Non si scopre l’acqua calda affermando che le riforme, di cui una collettività ha fisiologicamente bisogno, sono fatte per cambiare, in ottica migliorativa, le performance della collettività stessa. E questo vale in ogni ambito e per ogni collettività, grande o piccola che sia, a meno che le riforme non riguardino una collettività della quale noi stessi facciamo parte. Purtroppo è questo l’atteggiamento, rilevabile dai fatti, che la collettività “Italia” dimostra ogni qual volta qualcuno, magari anche con cognizione di causa, tenti di apportare novità ad un qualunque settore produttivo.
L’attualità ci invita a riflettere su cosa si sta verificando nel comparto della scuola dove l’ipotesi di riforma, e sottolineo ipotesi in quanto al momento non è ancora tutto deciso e definito, ha prodotto una generalizzata levata di scudi e, di conseguenza, un rifiuto netto ai contenuti della proposta. La proposta di cambiare in maniera sostanziale la figura del Preside, anche se personalmente credo si tratti di cambiare, ed aggiungo finalmente, non la figura ma l’operato del Preside, è vista come un ritorno all’antico con il rischio di possibili derive clientelari ed autoritarie di cui proprio non si ravvede l’utilità e per questo, o partendo da questo, almeno secondo tanti, deve essere osteggiato e contrastato l’intero percorso riformativo.
Ma la scuola, o meglio il comparto scuola, deve essere ispirato, paragonato o raffrontato all’azienda o, proprio perché scuola, nulla deve avere a che vedere con le dinamiche aziendali? Non è un quesito di facile e certa risposta proprio perché, purtroppo o per fortuna, è vero tutto ed il contrario di tutto. Certo la scuola deve essere indipendente ma l’indipendenza non deve sacrificare sul proprio altare lo sforzo organizzativo, tecnico ed anche economico di una collettività che potrebbe, come purtroppo spesso accade, non avere per niente bisogno di quei profili e competenze, d’altro canto non può dipendere dalle sole logiche di mercato e “produrre”, tanto per rimanere in un linguaggio commerciale, solo profili utili a quella causa, anche perché i tempi necessari per la formazione sono biblici rispetto ai tempi commerciali.
E cosa c’entra, se c’entra, il Preside? Di fatto, in quanto dirigente, è lui che stabilirà la strategia e come metterla in pratica, è lui che si sceglierà lo staff ed è sempre lui che avrà il potere di scegliere tanto altro, ivi comprese anche le risorse umane. In una dinamica aziendale, dove il dirigente opera e viene pagato da dirigente, lo stesso “paga” in prima persona gli errori anche perché gli errori, al pari dei successi, sono perfettamente misurabili. Anche nella scuola gli errori, al pari dei successi, sono perfettamente misurabili, solo che difficilmente il conto di un insuccesso viene pagato da colui che l’ha provocato.

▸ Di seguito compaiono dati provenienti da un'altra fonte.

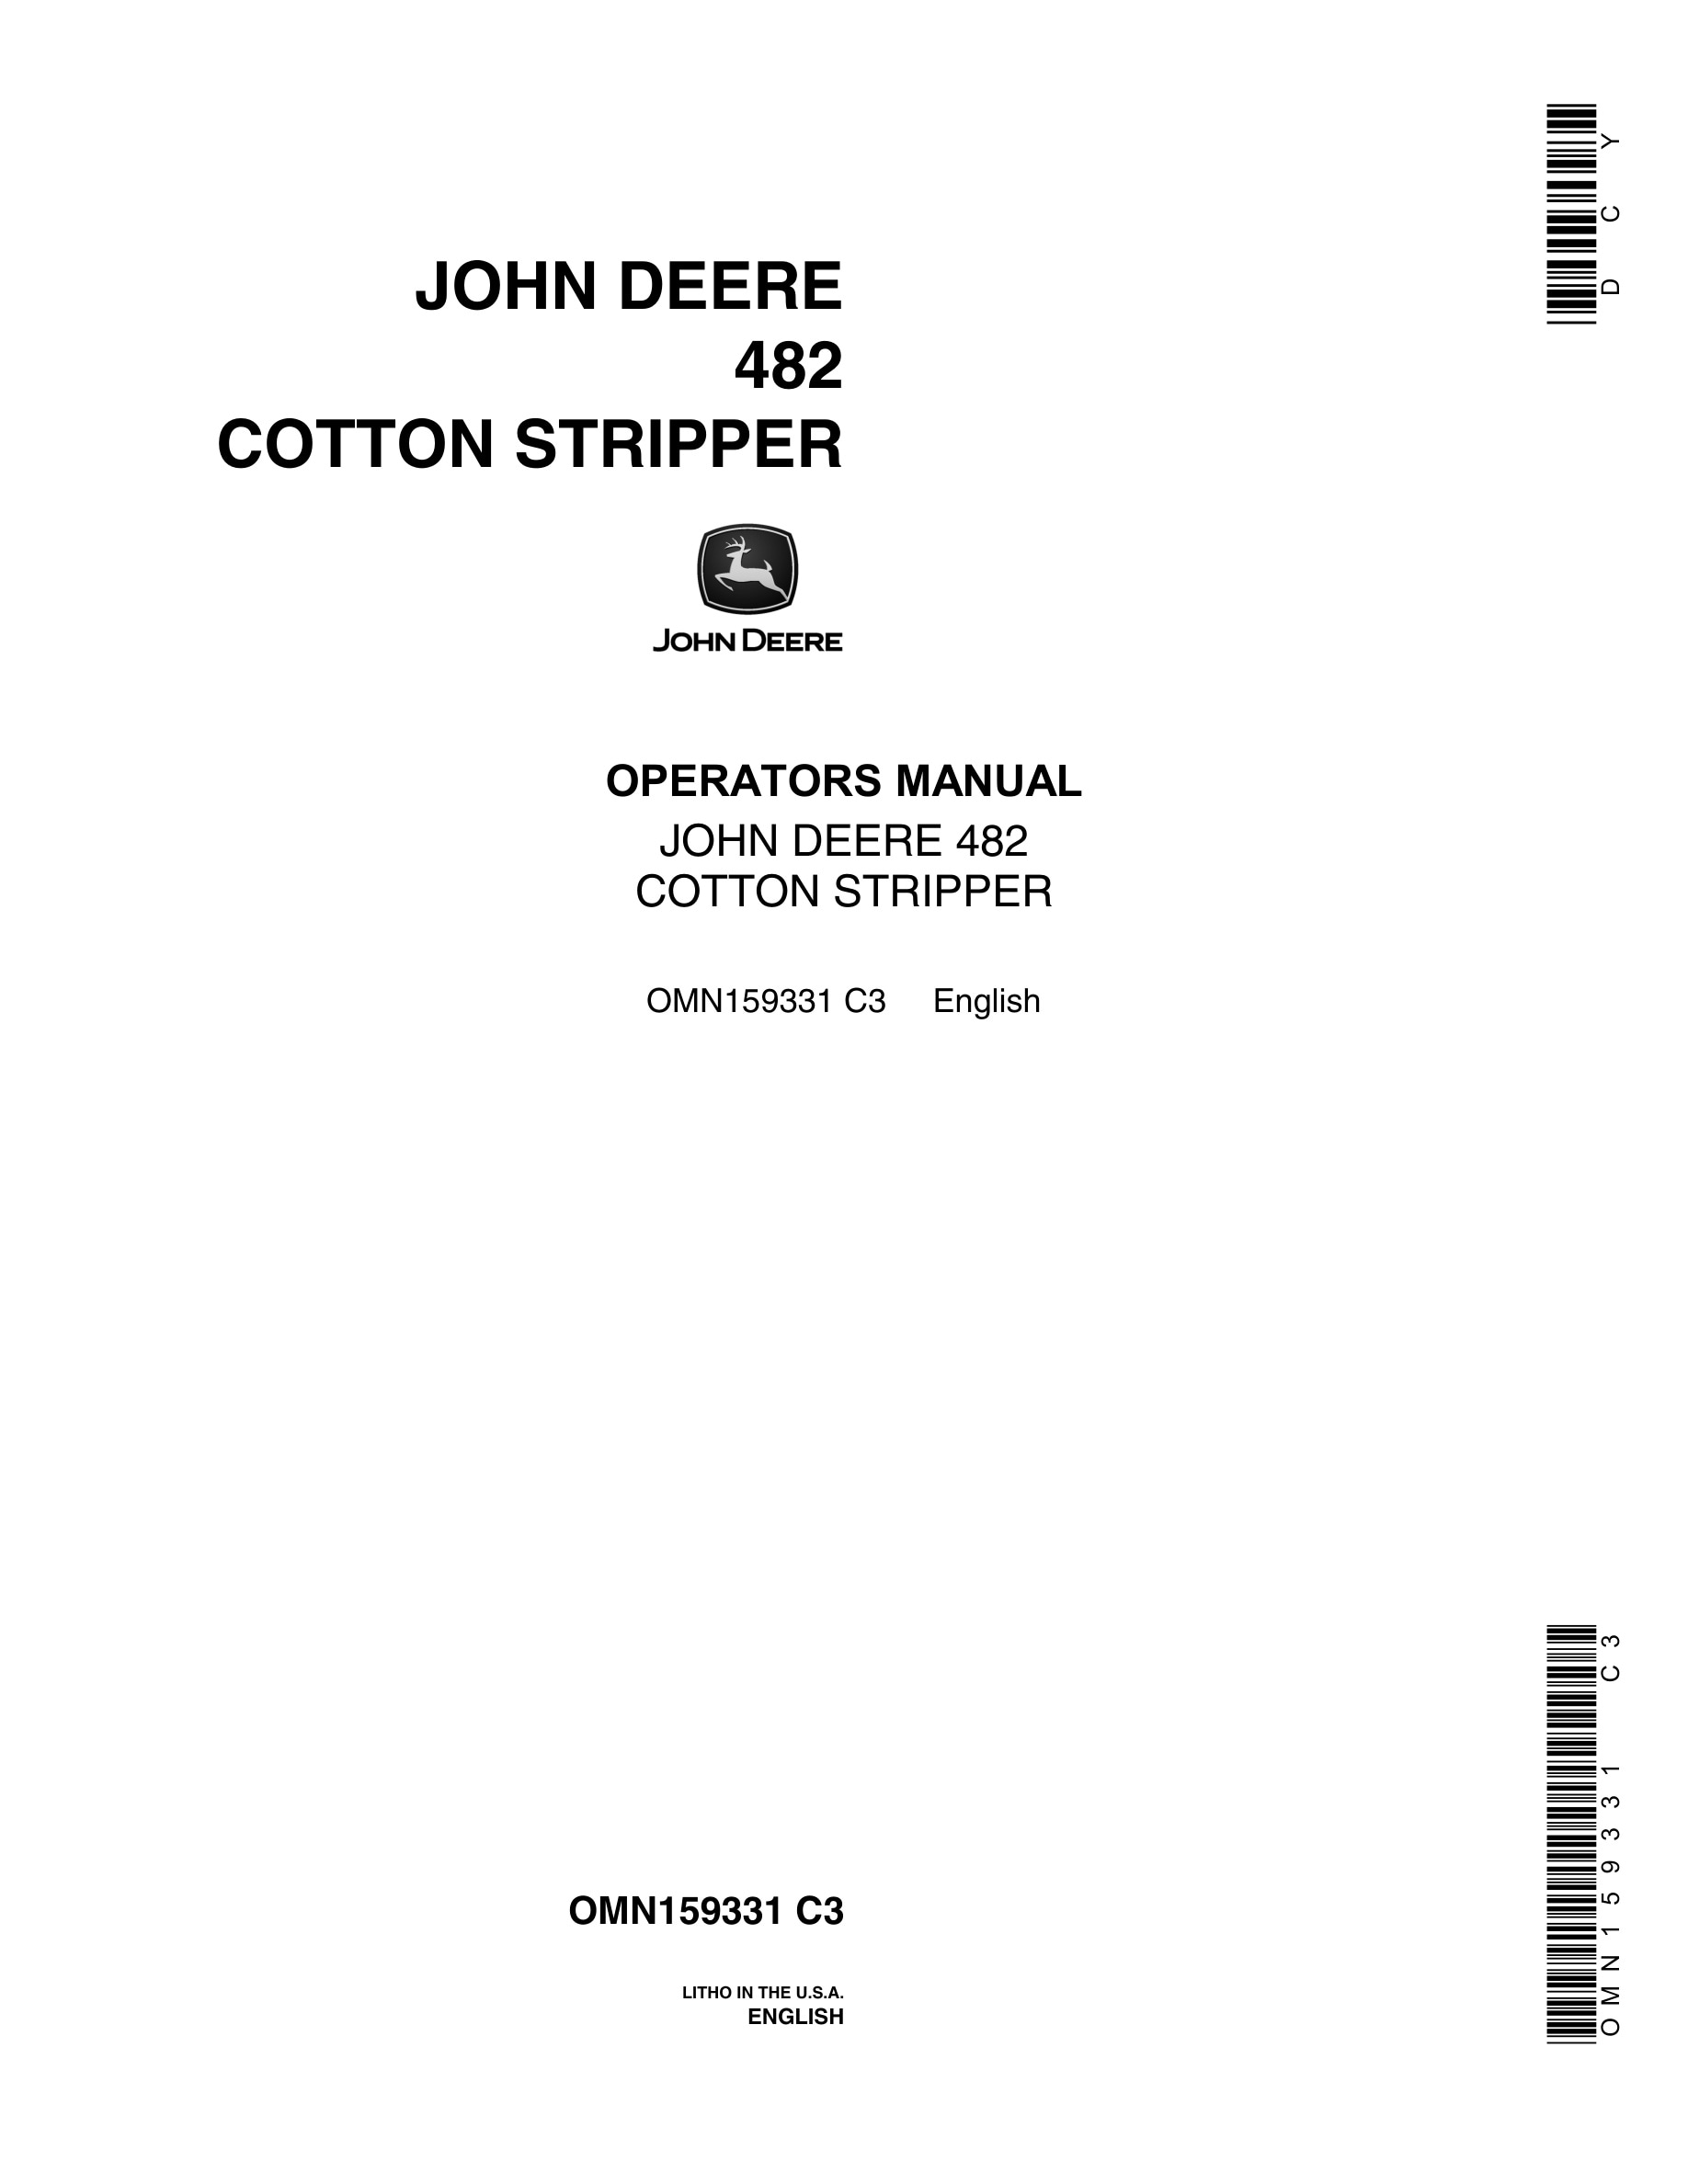 John Deere 482 Cotton Sripper Operator Manual OMN159331-1

Tante, troppe volte si verifica che in una città sino presenti due Istituti uguali, stessa struttura, stesso POF, a volte anche stessi professori, solo che un Istituto, più ambito dall’altro, cresce, mentre l’altro decresce. L’unico elemento di diversità è proprio o solo il Dirigente solo che, in barba ai risultati sostanzialmente e profondamente diversi, la remunerazione finale è di fatto uguale per entrambi.
Chissà se in una qualche “piega” di questa ipotesi di riforma, che prevede anche (finalmente) l’aggiornamento dei docenti al pari di qualsiasi altro mestiere o arte o professione, sia previsto o contemplato anche un aggiornamento dei dirigenti scolastici, magari prevedendo (o imponendo) stage o incontri nelle aziende esterne, che sono poi quelle che alla fine dovranno farsi carico di buona parte di quei “prodotti” che loro stessi avranno contribuito ad immettere nel ciclo produttivo di una collettività.